The American Institute of Certified Public Accountants (AICPA) explains that the IRS sometimes approves an administrative waiver of many tax penalties. To request this abatement on your own, you may submit a written request to the IRS, if you meet the criteria set out by them.
According the AICPA, here’s how you can qualify for the waiver:
- File all your returns that are due or past-due,
- Pay your outstanding balance or establish a payment agreement with the IRS, and
- Have no prior penalties (except for estimated tax penalty) for the previous three years.
The AICPA also notes that “if the taxpayer received reasonable cause relief in the past, they are still eligible for the [first time abatement].”
Finally, they point out some further important considerations:
- The first-time abatement is for one tax year.
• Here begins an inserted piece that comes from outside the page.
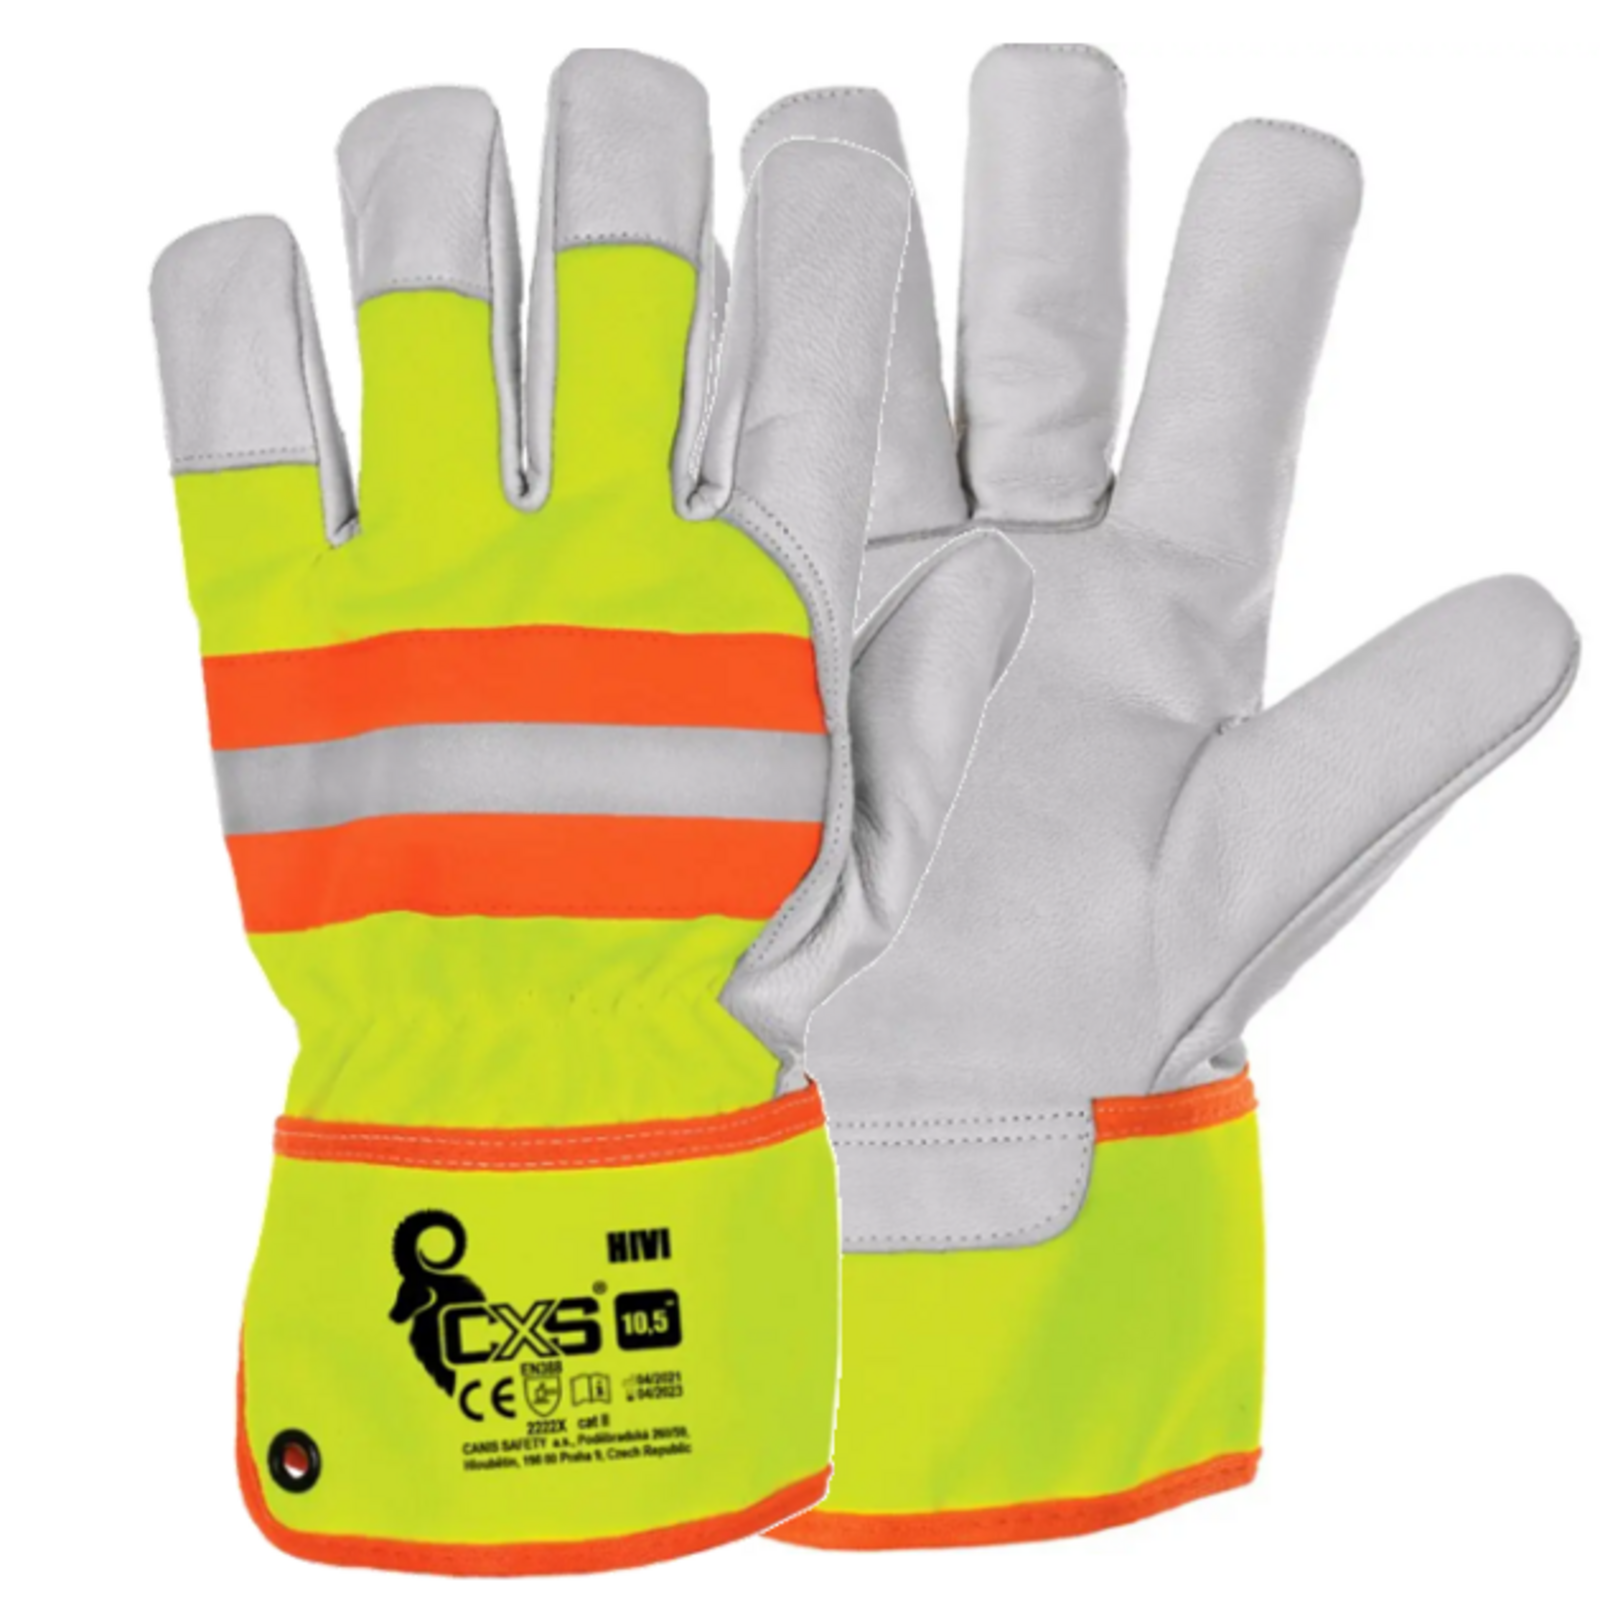 Kombinované pracovné rukavice CXS Hivi s blistrom - veľkosť: 9/L, farba: žltá/oranžová

When more than one tax year qualifies you for this waiver, it’ll be applied to the earliest qualifying tax year.
- If the IRS hasn’t assessed an impending penalty yet, the taxpayer may submit a penalty nonassertion request.
- If the taxpayer has already paid the penalty, they may request a refund by filing Form 843. The title of this form is Claim for Refund and Request for Abatement.
- The taxpayer may file an appeal if the IRS doesn’t grant a first-time abatement. Although, many taxpayers opt for professional help to file an appeal. The taxpayer should choose the avenue he or she is most comfortable with.
- Taxpayers can save thousands of dollars on penalties if they or their trusted tax relief professionals advocate for a penalty abatement.